Top of Source material

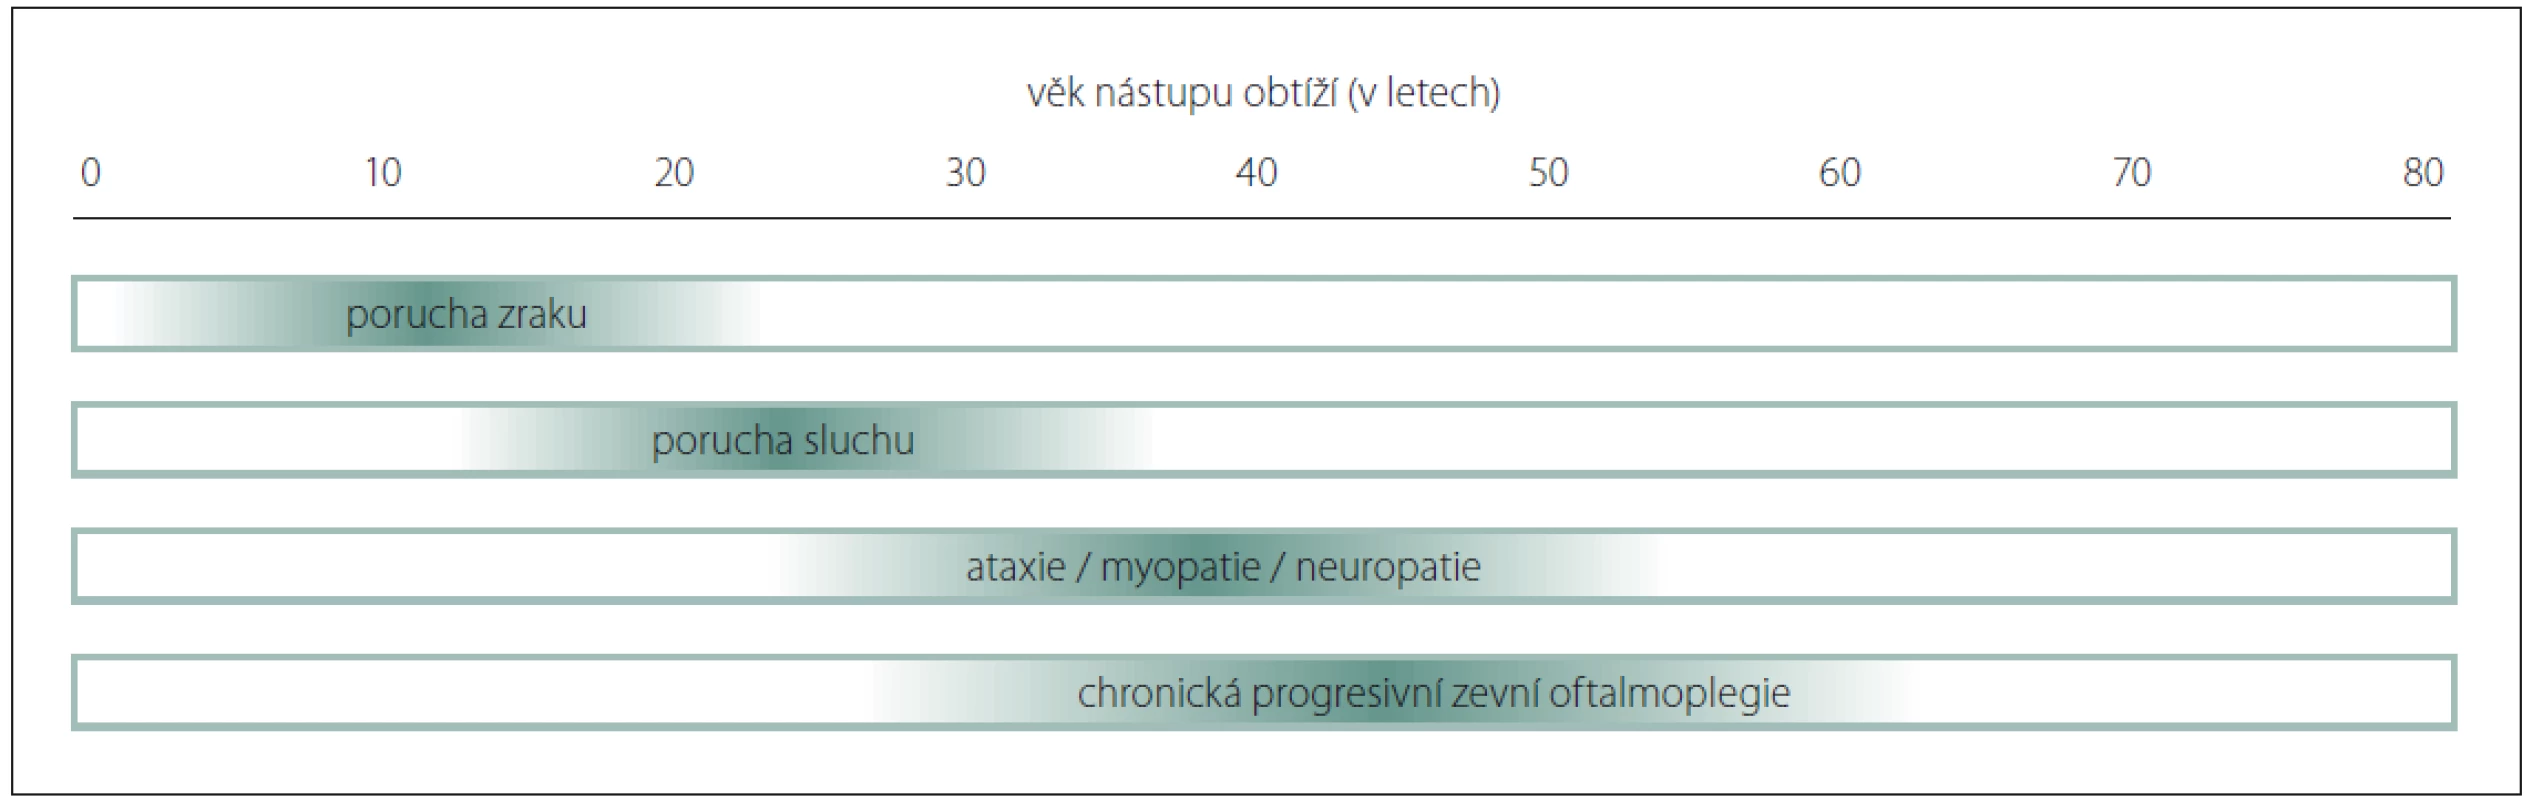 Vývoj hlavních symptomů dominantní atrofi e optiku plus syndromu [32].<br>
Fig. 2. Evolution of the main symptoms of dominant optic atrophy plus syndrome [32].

Bottom of Source material
Top of Source material

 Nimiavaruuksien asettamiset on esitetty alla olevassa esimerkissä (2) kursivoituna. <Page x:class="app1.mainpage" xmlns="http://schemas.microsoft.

Bottom of Source material

=== Task directions ===
In the data above, find the line containing "Vývoj hlavních symptomů" and the line containing "Fig. 2. Evolution". Repeat those two lines and everything between them exactly, minus the pictures.

=== Response box ===
 Vývoj hlavních symptomů dominantní atrofi e optiku plus syndromu [32].<br>
Fig. 2. Evolution of the main symptoms of dominant optic atrophy plus syndrome [32].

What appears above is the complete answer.